Instead, I chose the more explicit name await_in_coroutine, making it easier to document, and for the user to understand that it must be used in coroutine context.

[wyfo]

@davidhewitt As promised, the PR has been rebased on main and is now ready to review.

[davidhewitt]

Thanks for this epic piece of engineering, and I'm very sorry for my long delay in review; it's a complex piece of code and I've only now reviewed!

Overall this looks great and makes sense to proceed with. I asked a ton of questions and had suggestions for cleanup, I think once these are addressed there will likely be another round of review. Now that my head is much more engaged with this code I promise the next review will come much sooner! 🙏

[davidhewitt]

By "coroutine context", I understand that means "within an async call stack underneath a #[pyfunction] or #[pymethods]"?

Maybe we can adjust wording to something like that?
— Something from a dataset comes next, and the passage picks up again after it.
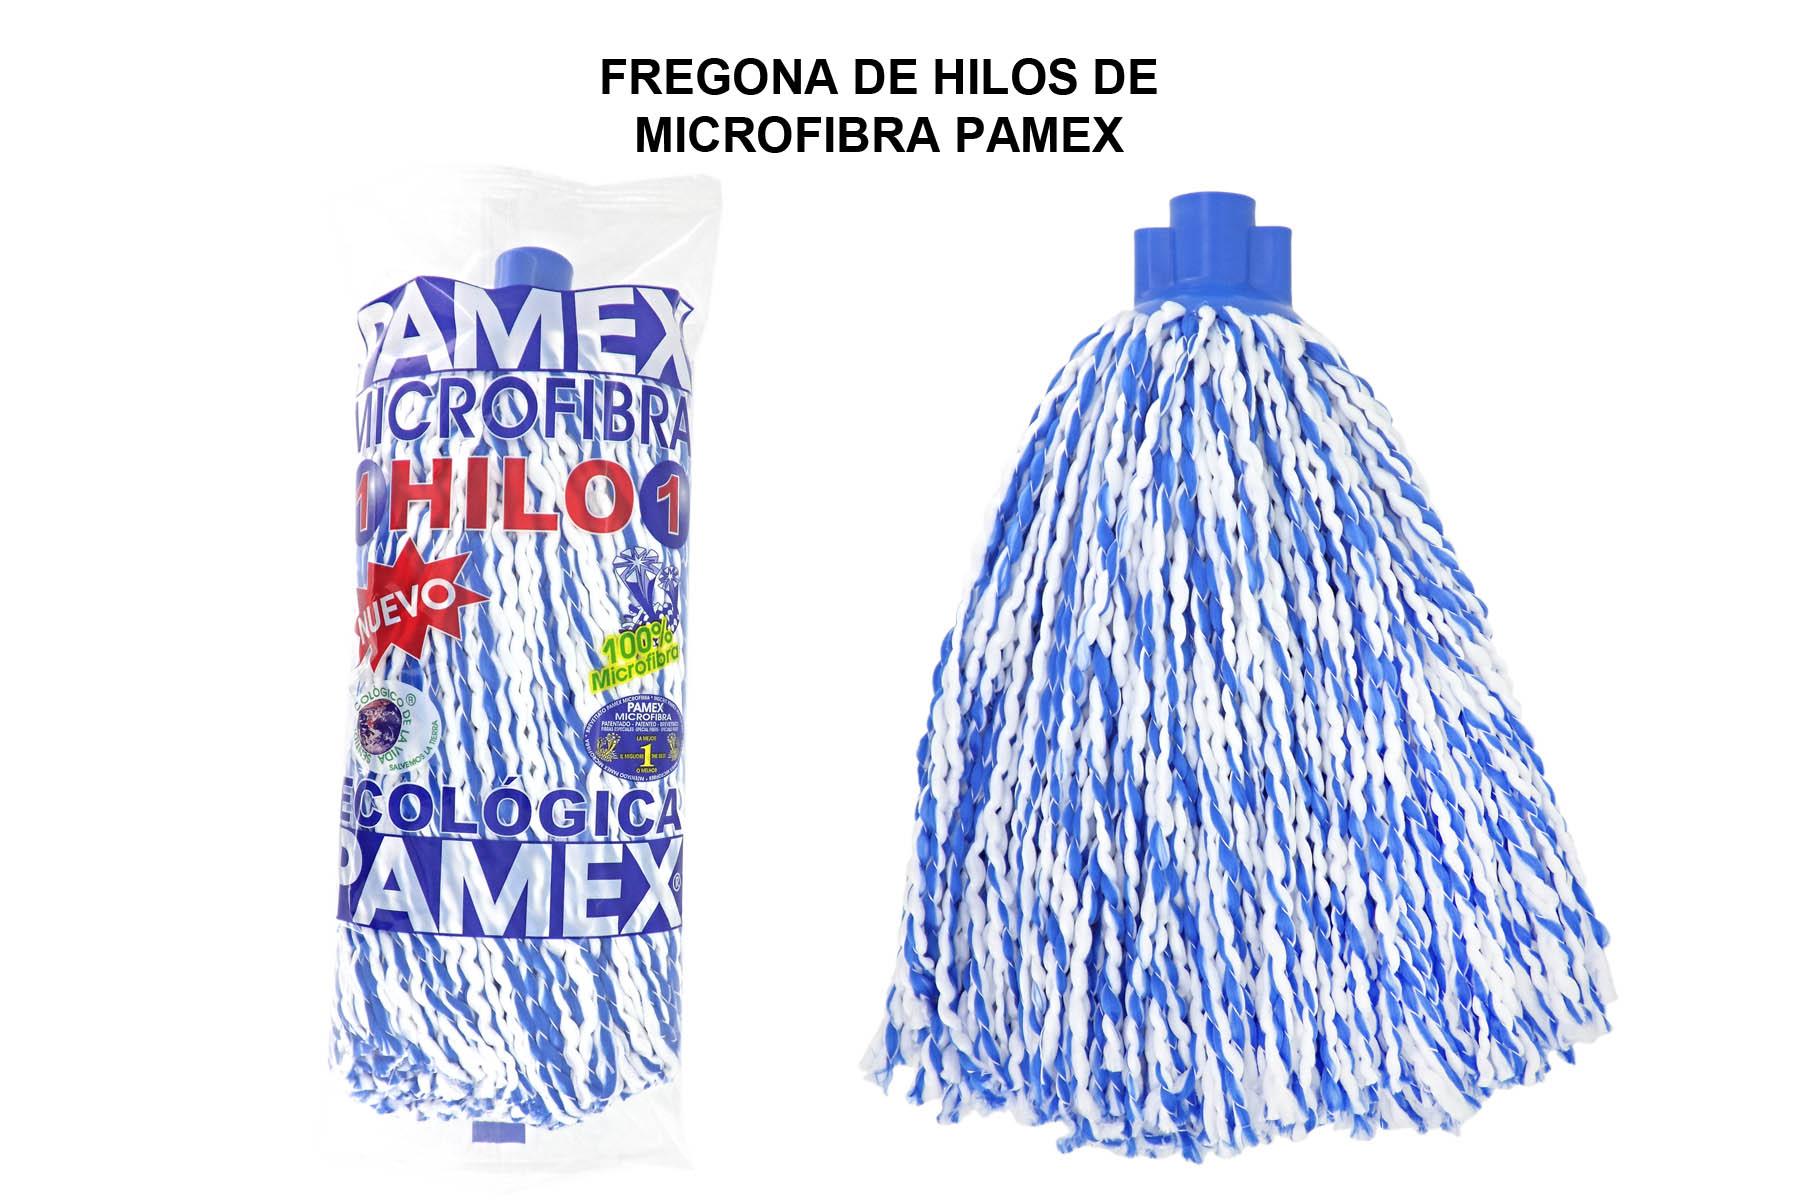 FREGONA DE HILOS DE MICROFIBRA PAMEX

It took me a few reads to process this, and it's maybe not obvious to all users that async Rust functions become coroutines.

[wyfo]

You're right, I will try to reword it. But it will maybe more easily understandable when the Coroutine type will be stabilized.

[davidhewitt]

I think this was fixed in #4746, will need to rebase.

[davidhewitt]

API question: do you think it's better to have it this way or as a method on PyAnyMethods?

e.g. obj.bind(py).await_in_coroutine()?

Is there ever a reasonable way to await one a Python awaitable without being in coroutine context? I guess that there would be no way to send / throw / close because the enclosing context would not have such a mechanism. Even more, I suppose that driving a Python awaitable really requires you to be in a Python event loop (i.e. in coroutine context).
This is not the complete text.